Since 2010, New Zealand singer and songwriter Hollie Fullbrook has been creating immersive, introspective folk music under the name Tiny Ruins. The very name suggests something intimate and irretrievably broken, but it also invites you to take a closer look. This is music that prioritises atmosphere over hooks, but once you get inside Fullbrook’s songs, they are little private worlds of their own.

With Ceremony, her fourth album and first since 2019’s Olympic Girls, she’s created something more akin to a private universe. Since her 2011 long-form debut, Some Were Meant For Sea, Fullbrook has steadily layered subtle instrumentation over her dexterous guitar playing. This is her fullest and most colourful release to date, but it’s still a dense work that takes time to reveal itself. Casual listeners are unlikely to be rewarded by Tiny Ruins.
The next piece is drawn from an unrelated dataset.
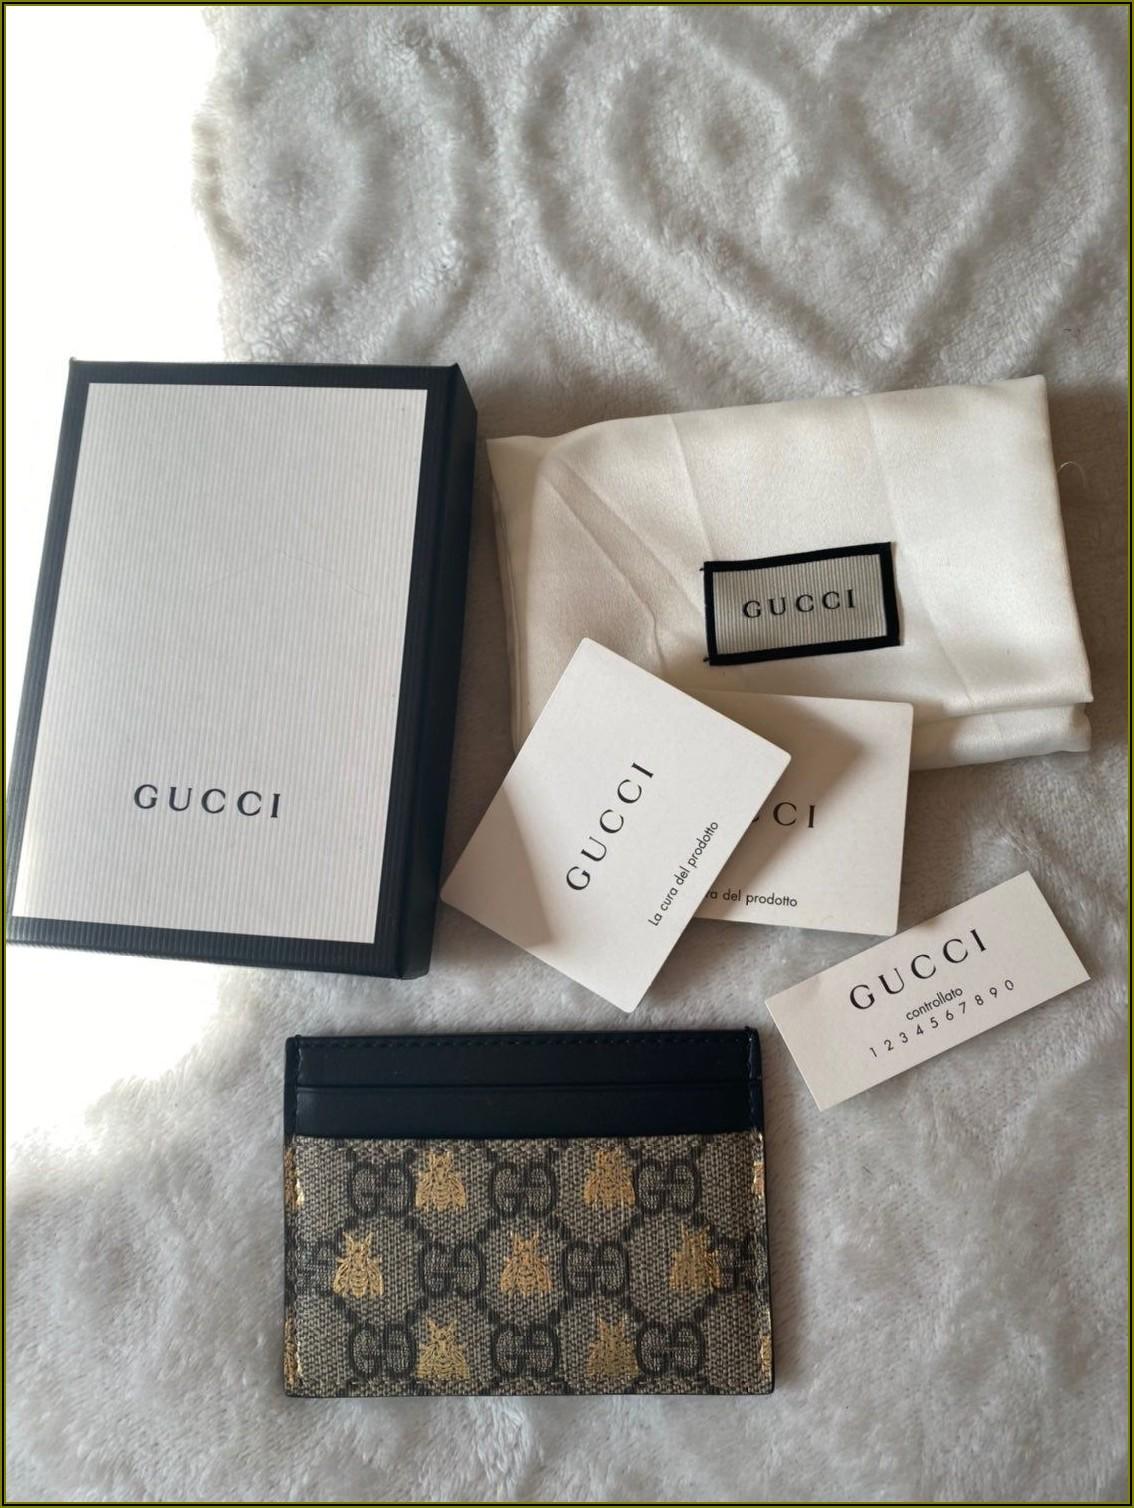 Gucci Women's Business Card Holder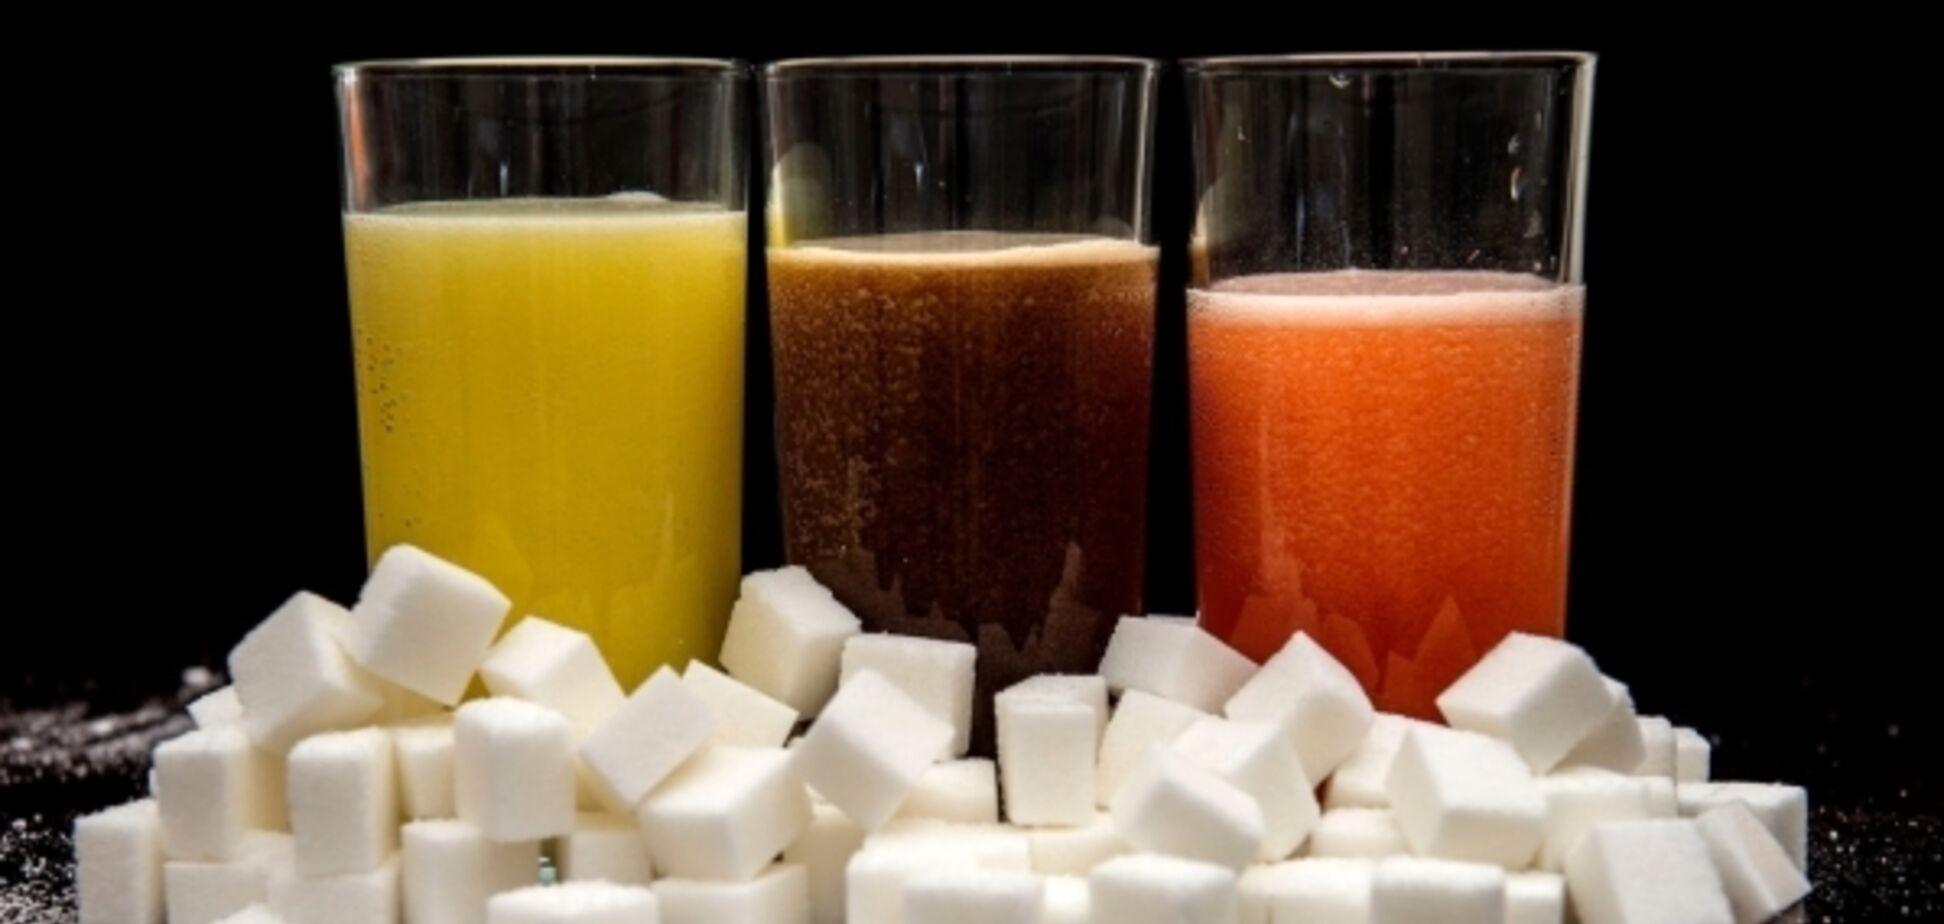 Супрун назвала небезпеку солодких напоїв

Fullbrook’s band (Cass Basil on bass, Alexander Freer on drums and percussion and producer/engineer Tom Healy on everything else) is kept busy, even on songs that hew closer to her austere original vision. On the opening track, Dogs Dreaming, Fullbrook sings: “I always did know what to paint in an empty room / Thinking, this is more than enough”. It’s a apt self-description of her music.… Read more..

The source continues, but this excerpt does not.